>>
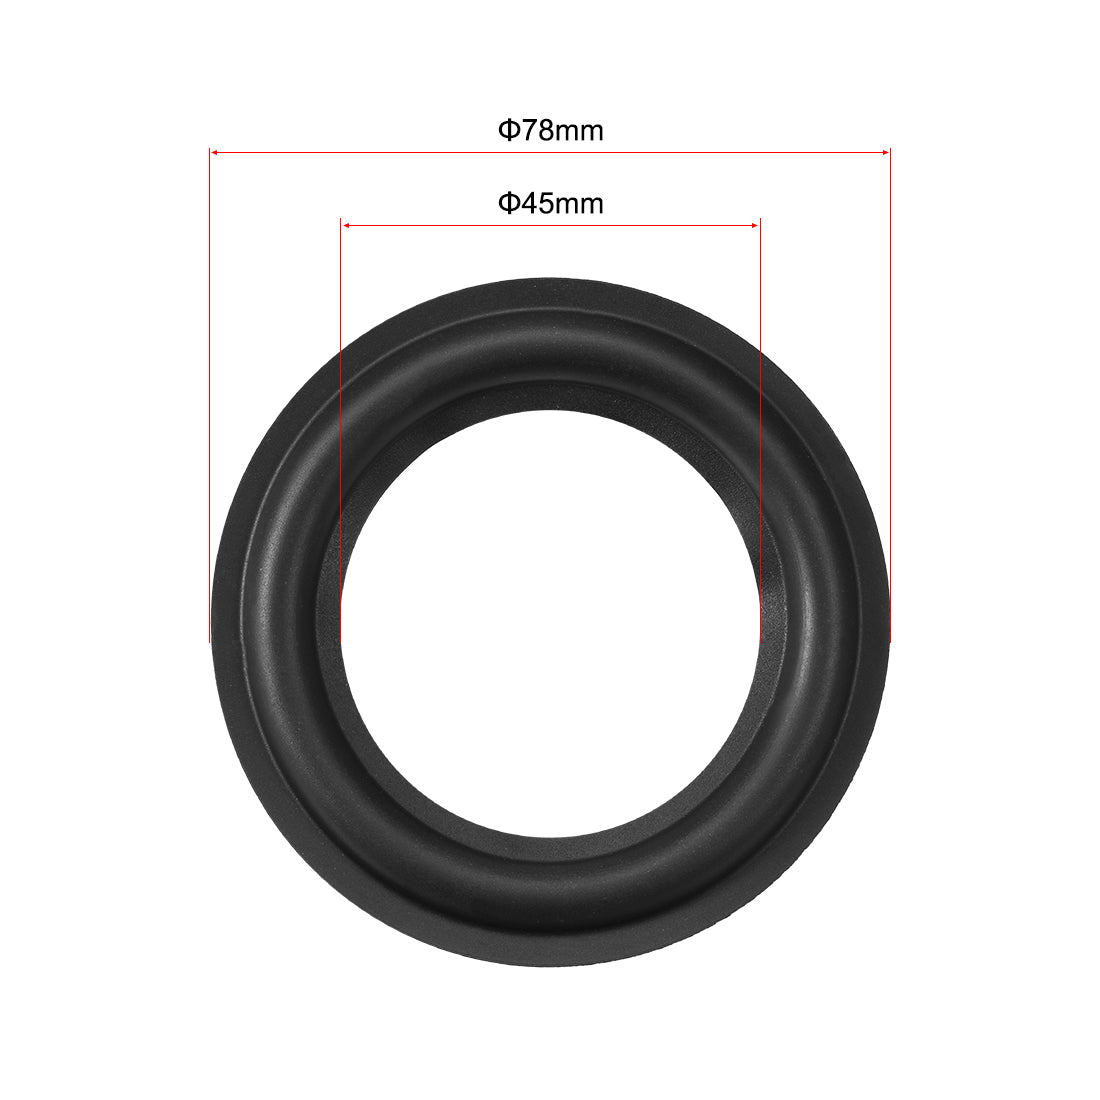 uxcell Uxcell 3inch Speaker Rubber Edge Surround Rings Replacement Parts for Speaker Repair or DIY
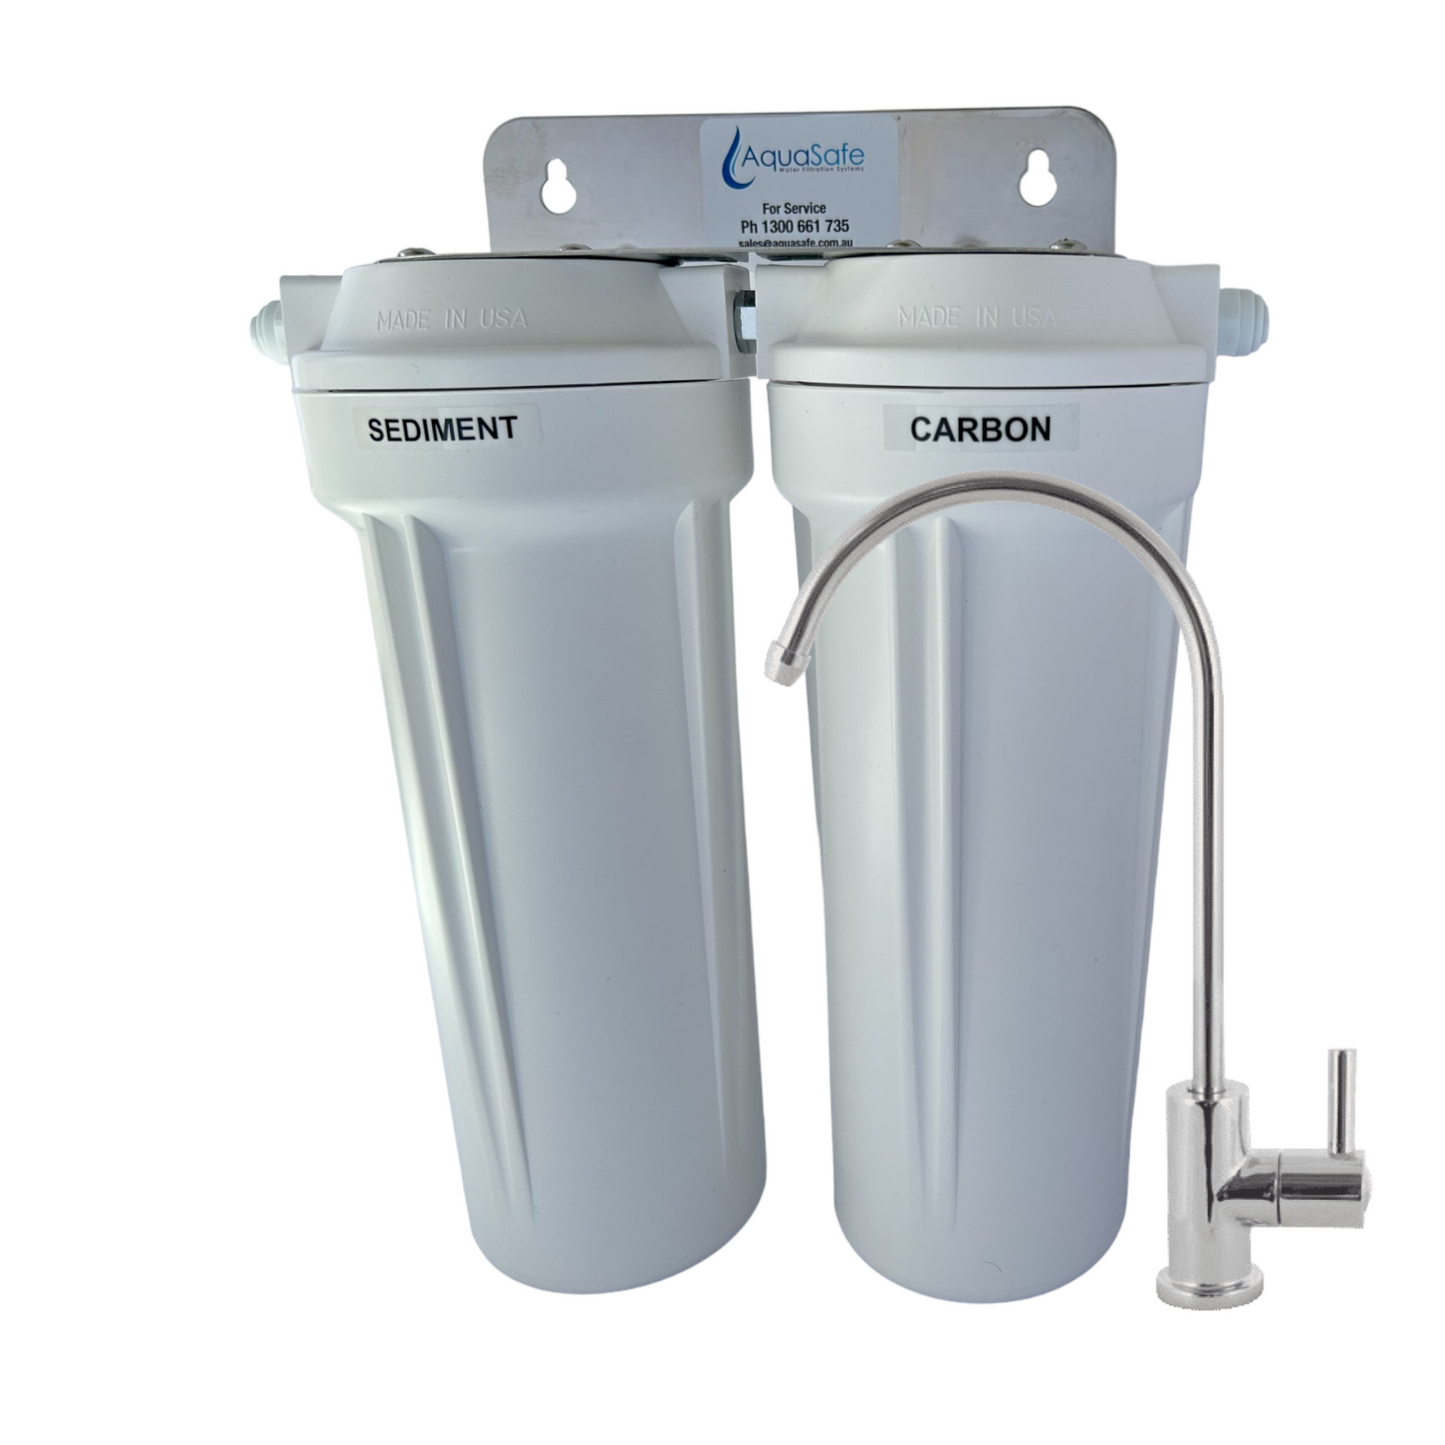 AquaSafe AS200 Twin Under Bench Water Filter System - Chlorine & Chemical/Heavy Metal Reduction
<<
>>
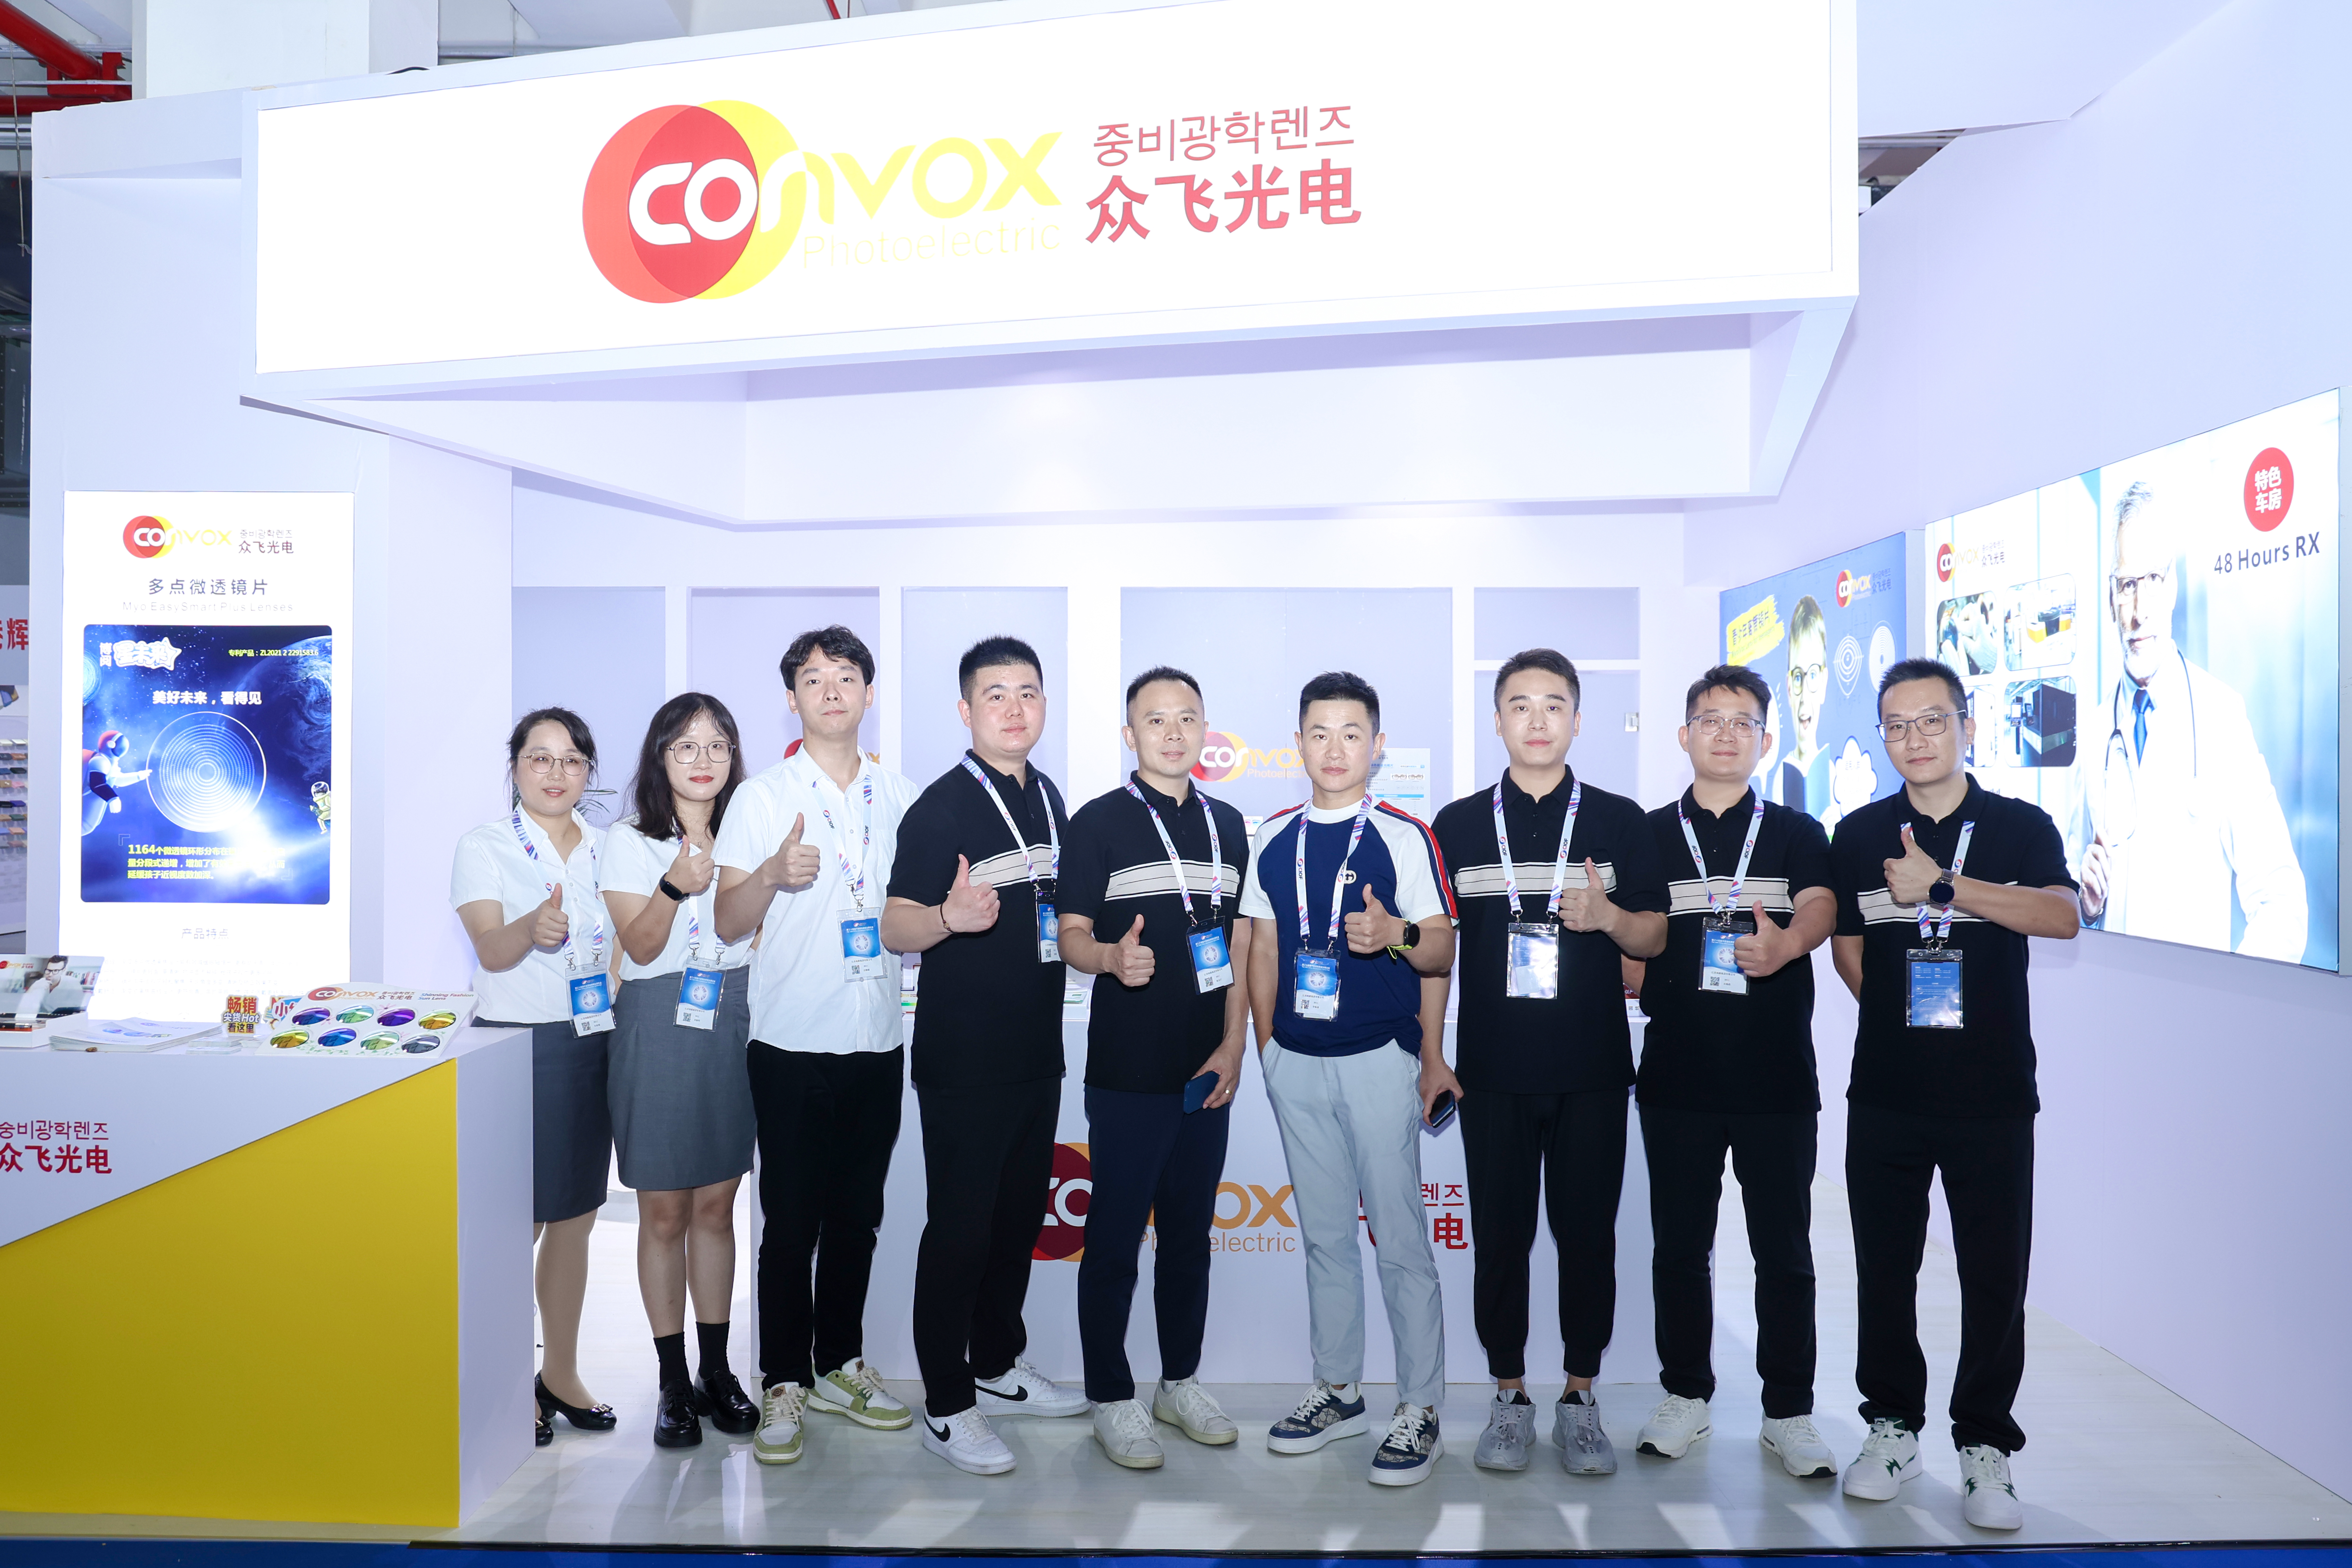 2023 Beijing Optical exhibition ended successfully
<<
[WHAT YOU NEED TO DO]: The response must repeat exactly the lines above from the one with "uxcell Uxcell 3inch" through the one with "AquaSafe AS200 Twin", including both, and must contain no pictures and no other text.

[TASK SOLUTION]:
 uxcell Uxcell 3inch Speaker Rubber Edge Surround Rings Replacement Parts for Speaker Repair or DIY
 AquaSafe AS200 Twin Under Bench Water Filter System - Chlorine & Chemical/Heavy Metal Reduction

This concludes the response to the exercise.